Retrospective review was performed for medical records of all persons aged more than 15 years for the management of community-acquired acute meningitis treated at a our hospital between 1985 and 1998. The criterion standard for bacterial meningitis was a positive CSF or blood culture. For viral meningitis, it was a discharge diagnosis of viral meningitis with no other etiology evident. A new prediction model was developed by using stepwise logistic regression analysis.
Forty-five cases of bacterial meningitis and 101 cases of viral meningitis were confirmed. The discriminatory power of the old model as measured by the area under the receiver operating characteristic curve (AUC) was 0.695 (95% Confidence Interval or CI 0.545-0.845). The best representative model selected four slightly different independent variables: age, mental confusion, neck stiffness, and total CSF polymorphonuclear cell count. The area under the ROC curve was 0.986 (95% CI 0.949-1.0), and significantly better than the old (P<0.05).

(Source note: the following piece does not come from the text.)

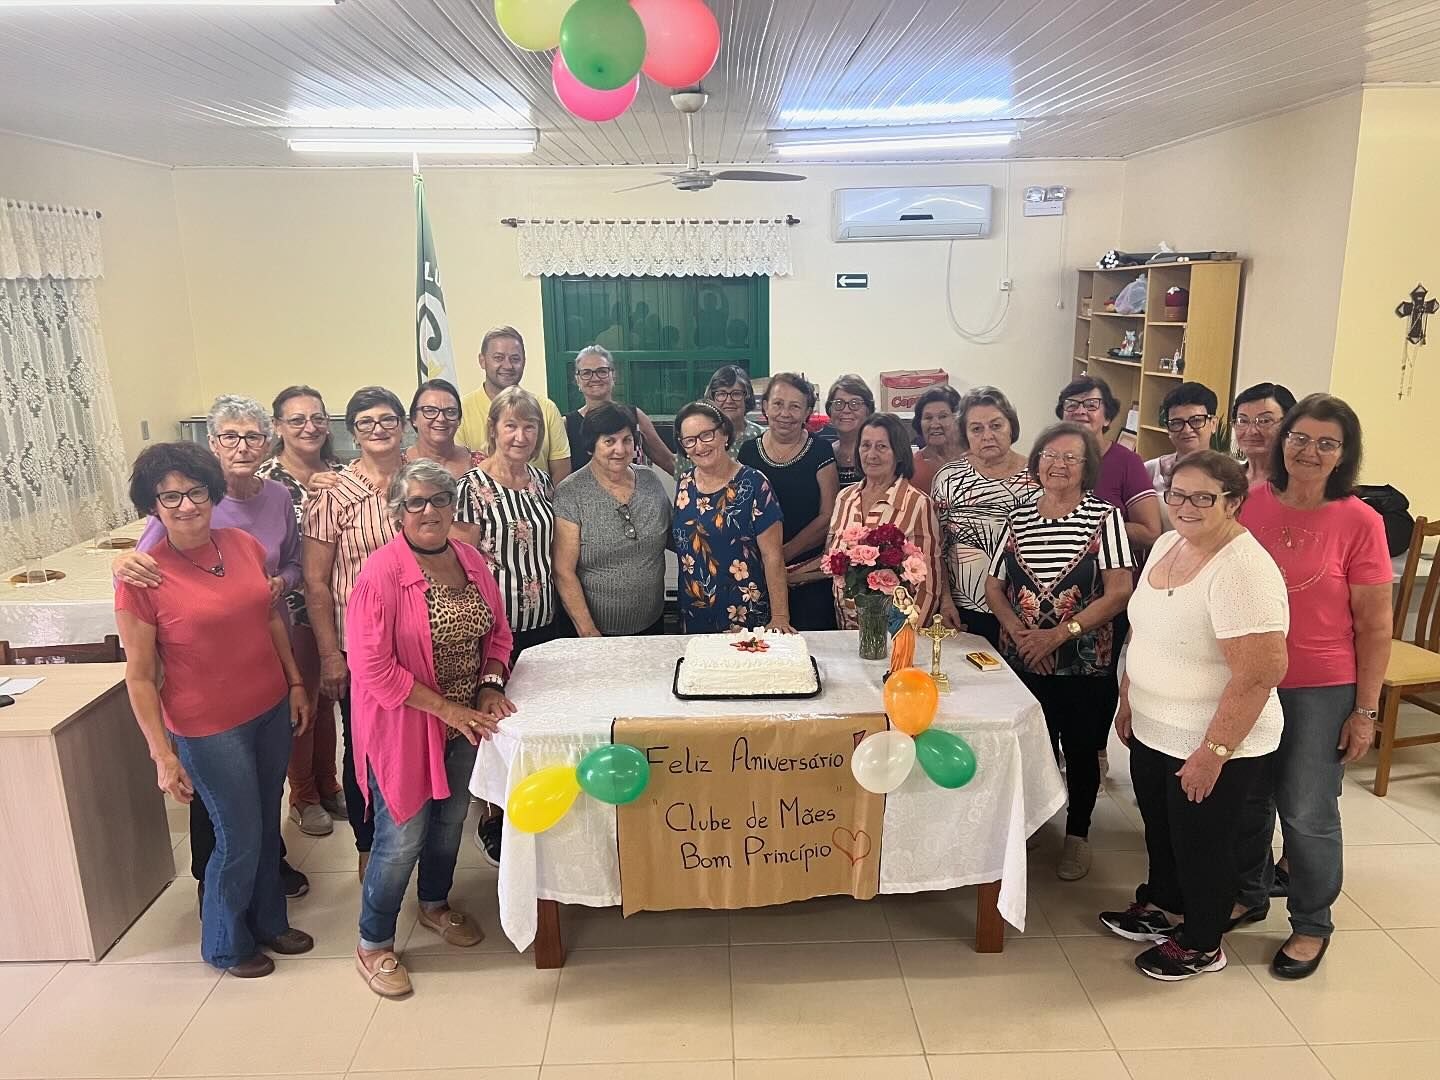 Clube de Mães Bom Princípio celebra 47 anos de história e tradição na comunidade

In differential diagnosis of acute bacterial and viral meningitis, the old prediction model may not be clinically useful when applied to a geographically distinct population in a different ethnicity. Older age, mental confusion, neck stiffness, and higher CSF polymorphonuclear cell count were identified as the most accurate logistic model predicting the likelihood of bacterial meningitis on our patients.